Os Globalistas Latifundiários

Nos últimos anos, alguns dos grandes bilionários globalistas tem amealhado milhares de hectares de terras nos EUA e no mundo. Bill Gates e Jeff Bezos são apenas dois exemplos. Além do controle do mundo virtual, os bilionários investem na propriedade exclusiva da riqueza real: terras e minérios. Em paralelo, as instituições globais como o Fórum Econômico Mundial dizem que os cidadãos do mundo pós-covid não terão absolutamente nada em termos de propriedade, mas serão “felizes”.

A Forbes publicou recentemente um artigo afirmando que, além de seus principais ativos, Bill Gates é também um grande latifundiário.

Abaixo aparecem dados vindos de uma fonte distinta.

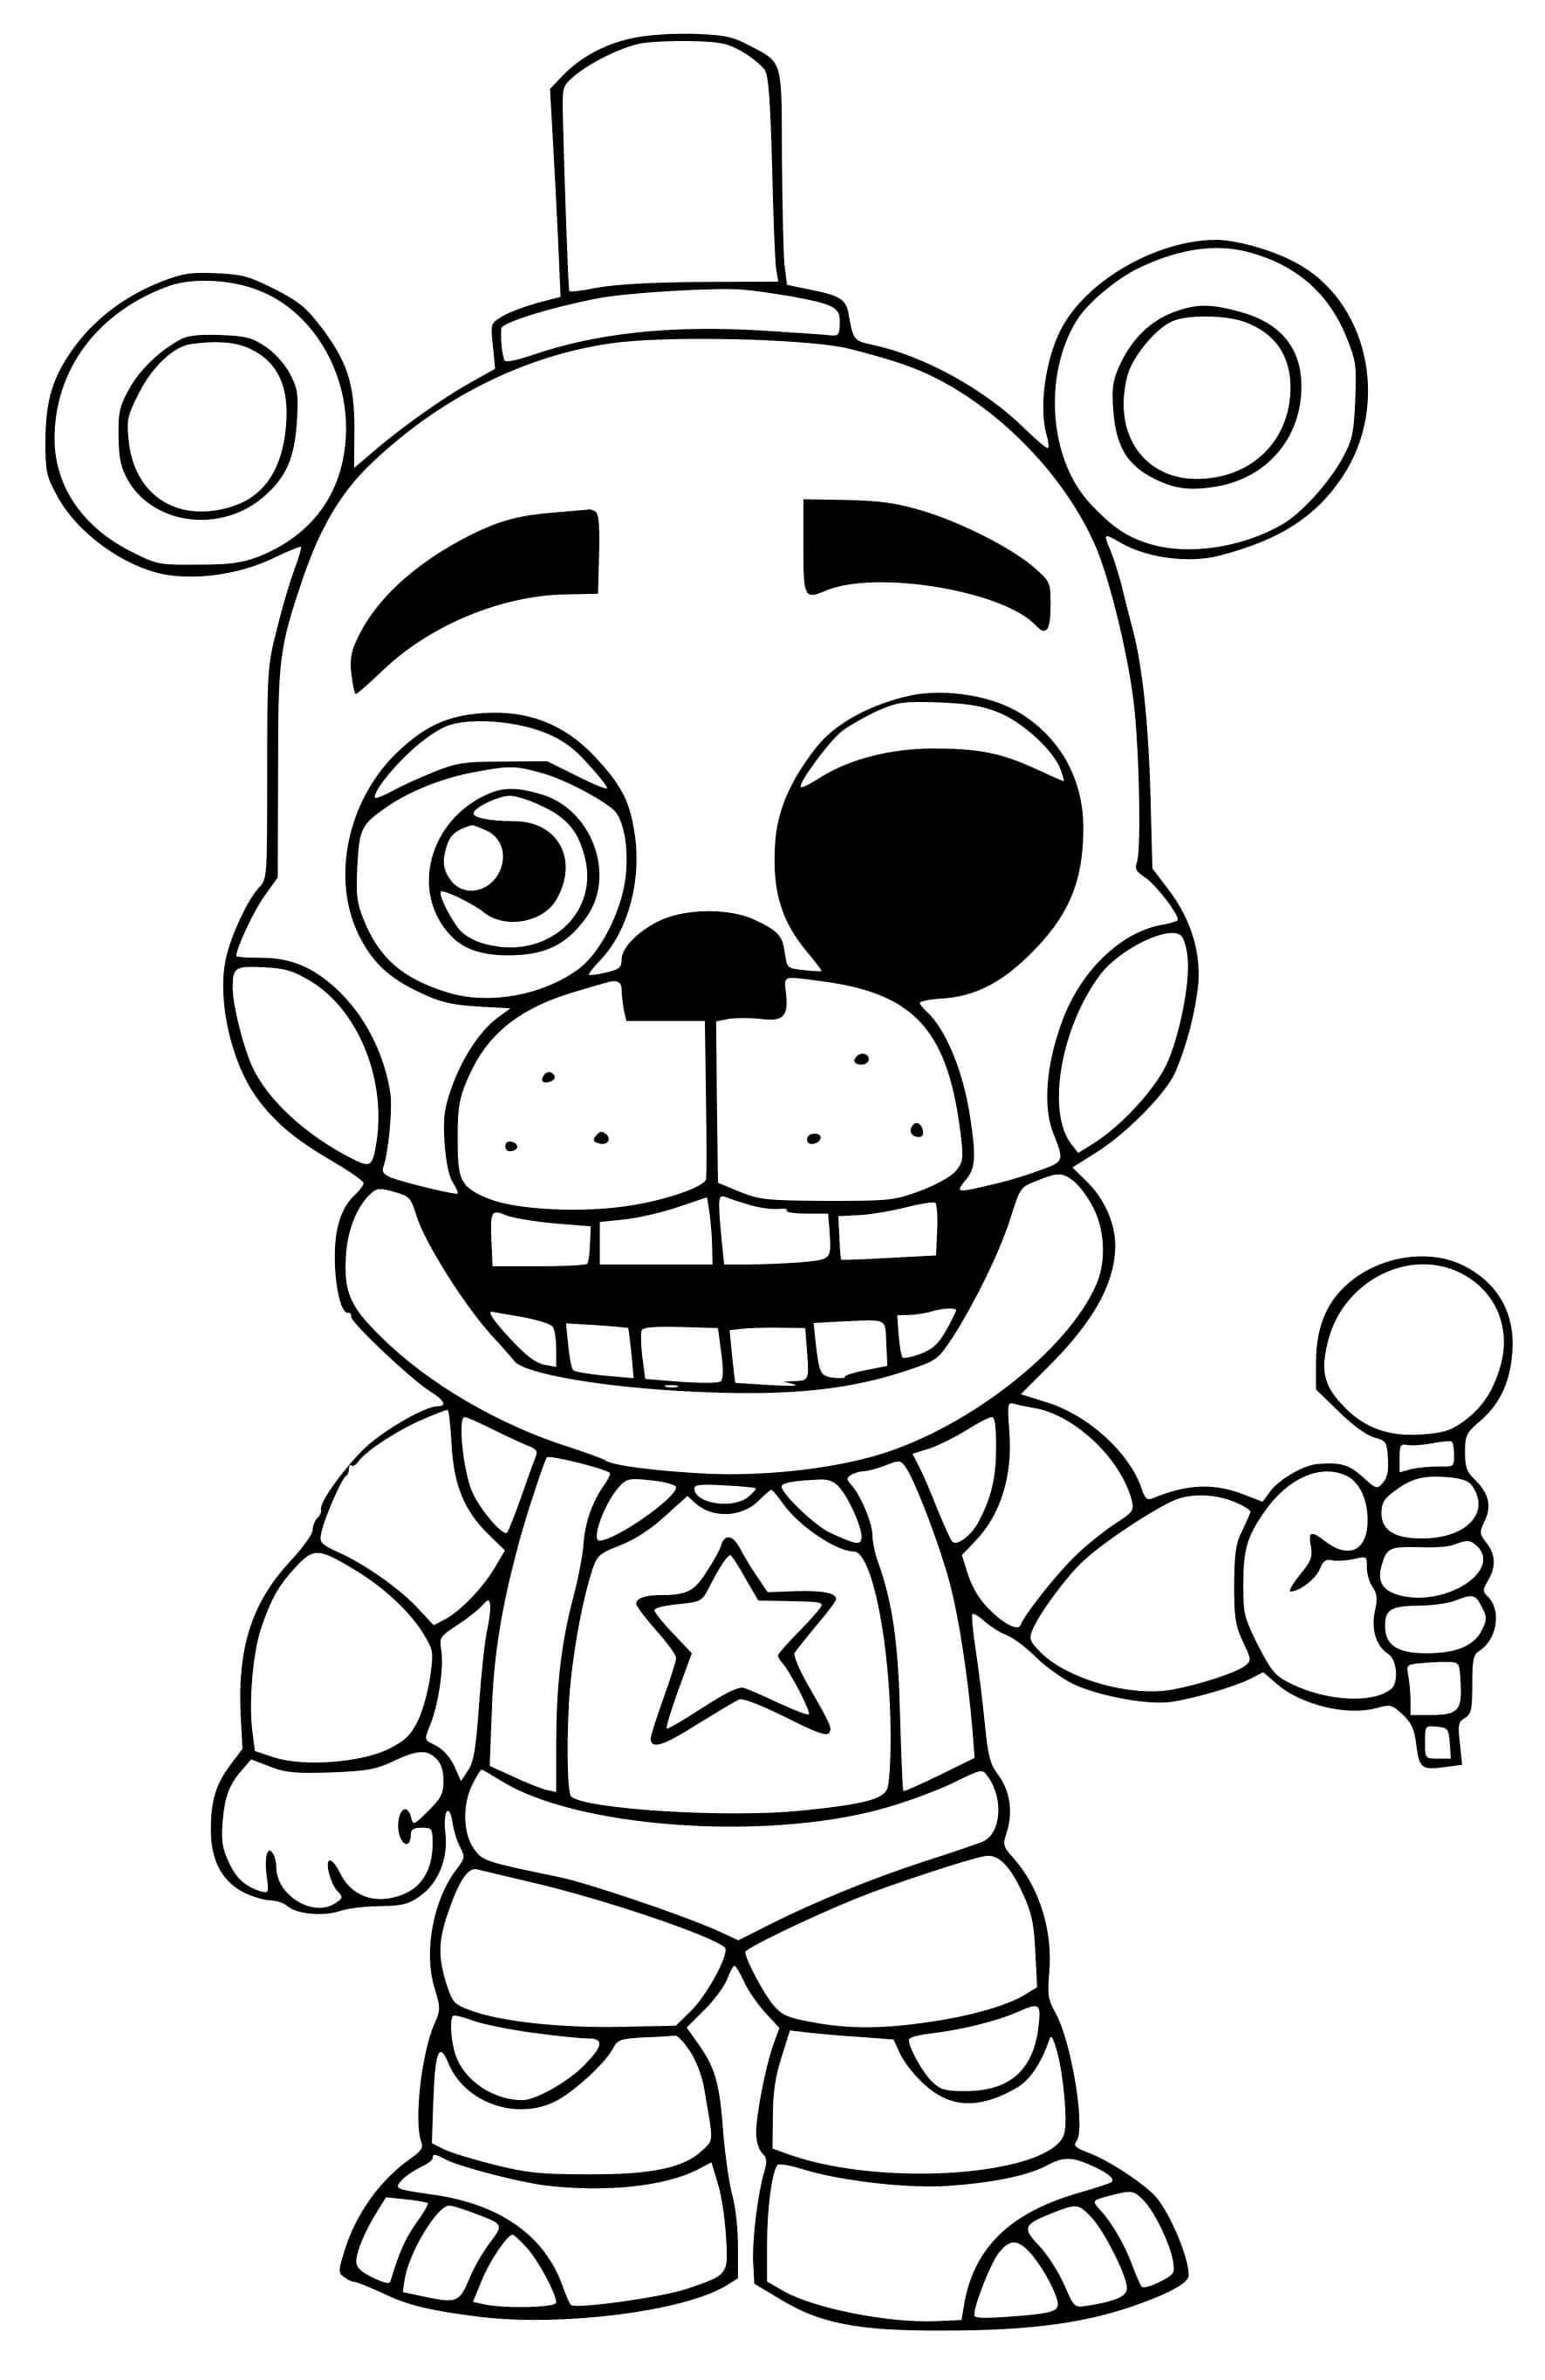 Lefty Coloring Page
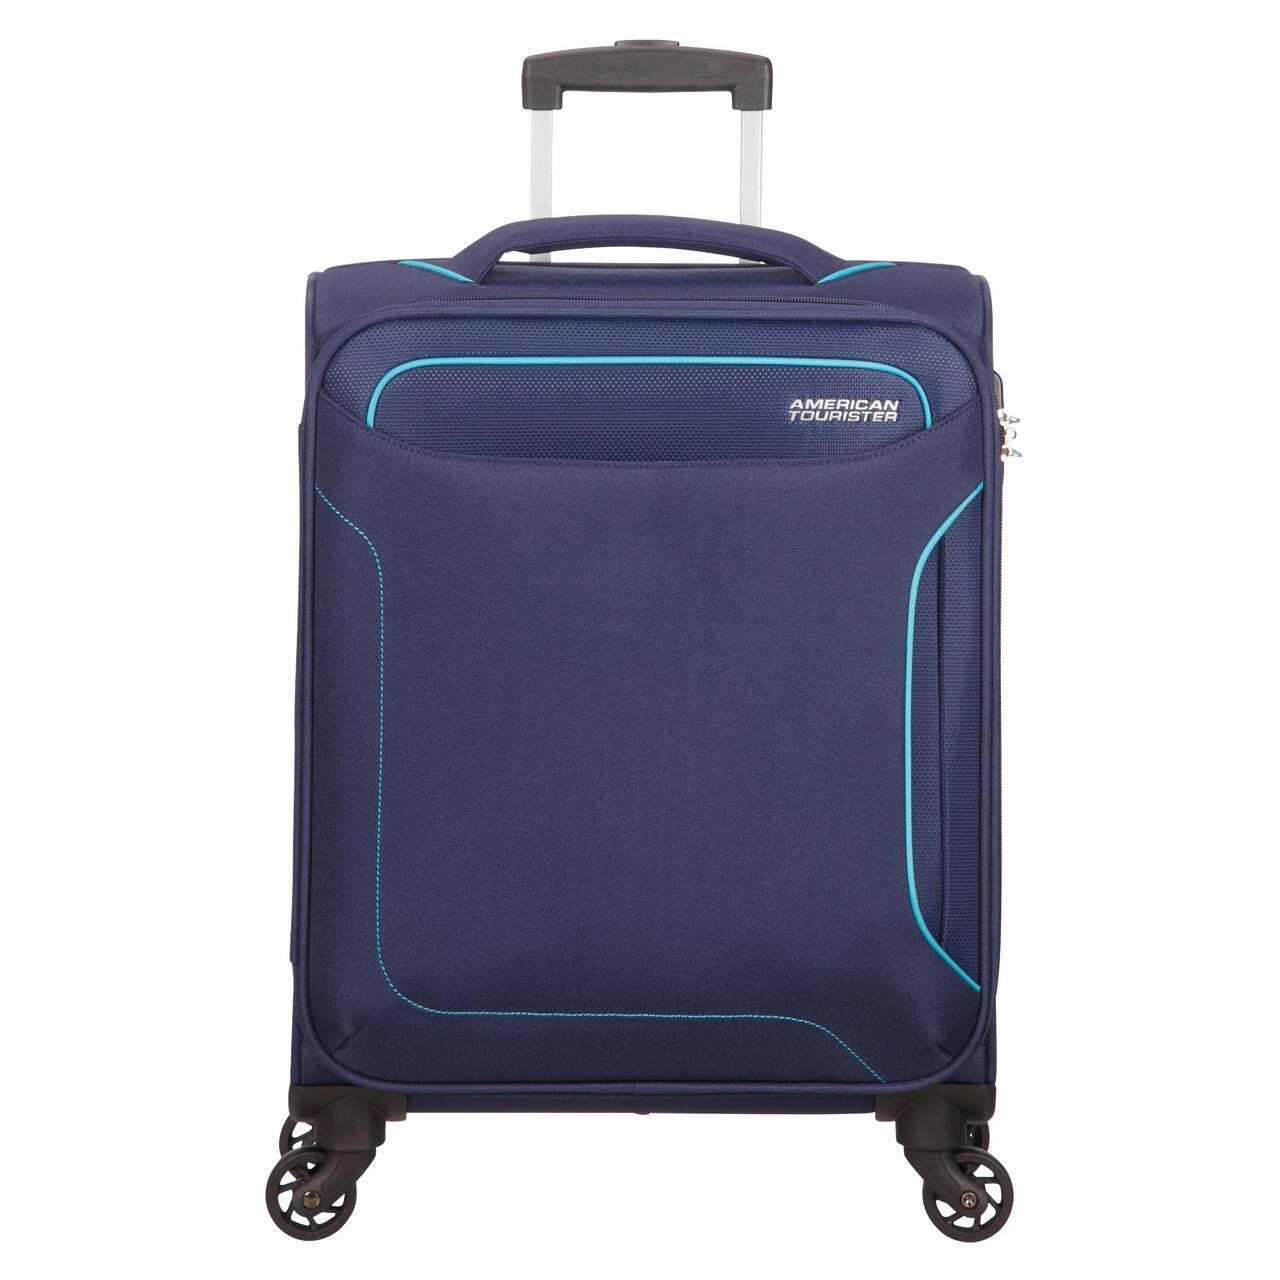 AMERICAN TOURISTER Holiday Heat 4 Wheel Cabin Suitcase - 55cm - Navy

O artigo diz que, depois de anos de relatórios dizendo que ele estava comprando terras agrícolas em lugares como Flórida e Washington, The Land Report, que se concentra em terras privadas, revelou que Gates, que tem um patrimônio líquido de quase US$121 bilhões, construiu um enorme portfólio de terras agrícolas cobrindo 18 estados. Suas maiores propriedades estão na Louisiana (69.071 acres), Arkansas (47.927 acres) e Nebraska (20.588 acres). Ele também tem uma participação em 25.750 acres de terras de transição no oeste de Phoenix, Arizona, que estão sendo desenvolvidas como um novo subúrbio.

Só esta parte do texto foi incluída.